C# – Using a GUID as a Primary Key

cdomain-driven-designsql server

I generally use auto increment IDs as Primary Keys in databases. I am trying to learn the benefits of using GUIDs. I have read this article: https://betterexplained.com/articles/the-quick-guide-to-guids/

I realise that these GUIDs are used to identify objects at the application level. Are they also stored as the primary key at the database level. For example, say I had the following class:

public class Person
{
public GUID ID;
public string Name;
..

//Person Methods follow
}

Say I wanted to create a new person in memory and then insert the Person into a database. Can I just do this:

Person p1 = new Person();
p1.ID=GUID.NewGUID();
PersonRepository.Insert(p1);

Say I had a database containing millions and millions of rows with a GUID as the Primary Key.
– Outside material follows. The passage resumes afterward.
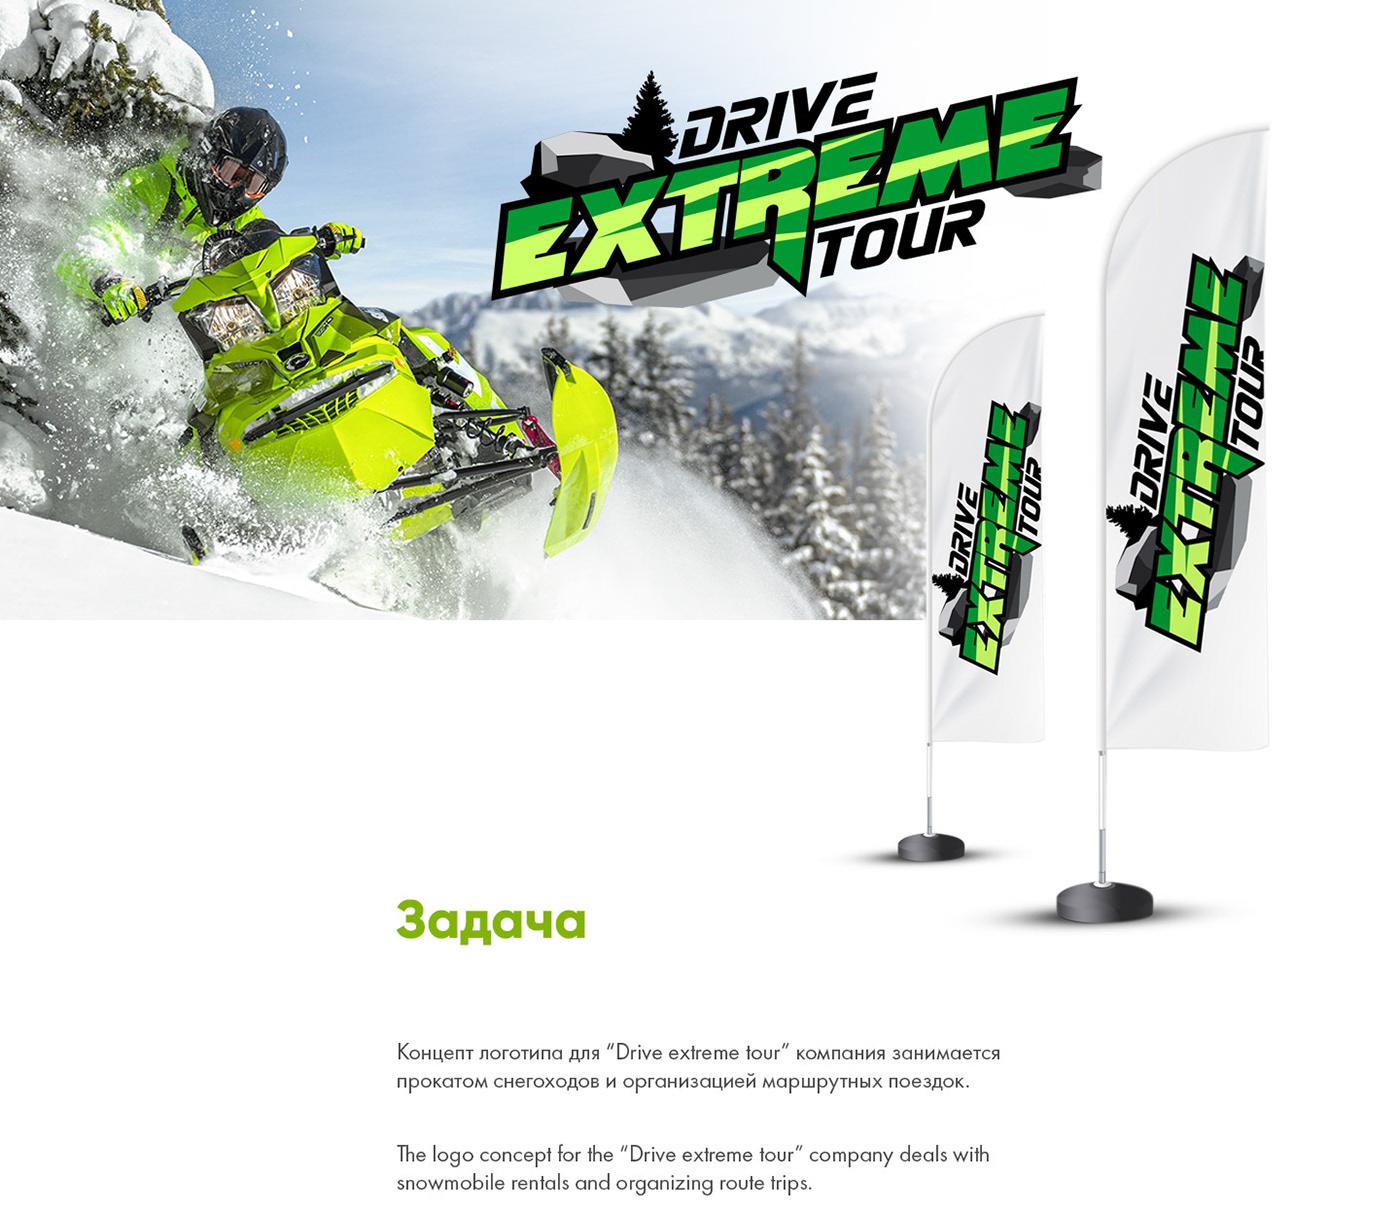 Image may contain: skiing and screenshot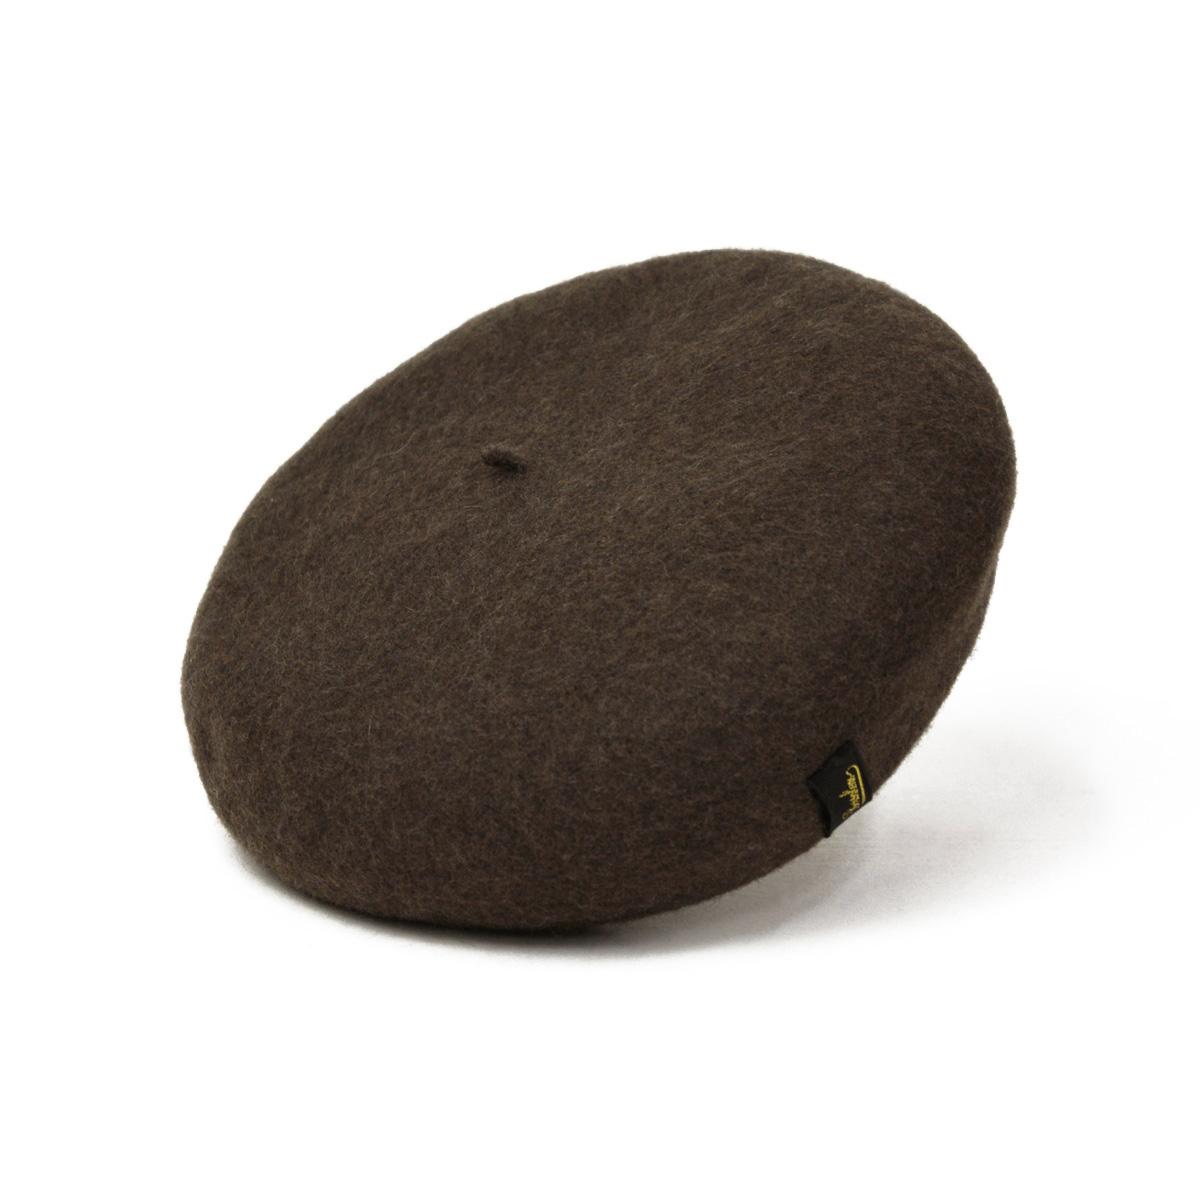 Borsalino 【ボルサリーノ】ベレー帽 B80005 0003113 ウール フェルト ブラウン

Will this always be unique? Am I even understanding GUIDs correctly?

I read this article earlier: http://enterprisecraftsmanship.com/2014/11/15/cqs-with-database-generated-ids/. It confuses me a little as it appears to recommend a happy medium between GUIDs and integers as Primary Keys.

Edit 11/06/18

I have come to believe that Guids are more suitable than ints for my requirements. I am using CQRS more these days and GUIDs fit in more nicely.

I do notice that some developers model the GUIDs as strings in the domain model e.g. here: https://github.com/dotnet-architecture/eShopOnContainers/blob/dev/src/Services/Ordering/Ordering.Domain/AggregatesModel/BuyerAggregate/Buyer.cs – in this case: IdentityGuid is a GUID modelled as a string. Is there any reason to do this other than what is stated here: Use a custom value object or a Guid as an entity identifier in a distributed system?. Is it "normal" to model the GUID as a string or should I be modelling it as a GUID in the model and database?

Best Answer

GUIDs are by definition "Globally Unique IDentifiers". There's a similar but slightly different concept in Java called UUIDs "Universally Unique IDentifiers". The names are interchangeable for all practical use.

GUIDs are central to how Microsoft envisioned database clustering to work, and if you need to incorporate data from sometimes connected sources, they really help prevent data collisions.

Some Pro-GUID Facts:

  • GUIDs prevent key collisions
  • GUIDs help with merging data between networks, machines, etc.
  • SQL Server has support for semi-sequential GUIDS to help minimize index fragmentation (ref, some caveats)

Some Ugliness with GUIDs

  • They are big, 16 bytes each
  • They are out of order, so you can't sort on ID and hope to get the insertion order like you can on auto-increment ids
  • They are more cumbersome to work with, particularly on small data sets (like look up tables)
  • The new GUID implementation is more robust on SQL Server than it is in the C# library (you can have sequential GUIDS from SQL Server, in C# it is random)

GUIDs will make your indexes bigger, so the disk space cost of indexing a column will be higher. Random GUIDs will fragment your indexes.

If you know you aren't going to synchronize data from different networks, GUIDs can carry more overhead than they are worth.

If you have a need to ingest data from sometimes connected clients, they can be a lot more robust for preventing key collisions than relying on setting sequence ranges for those clients.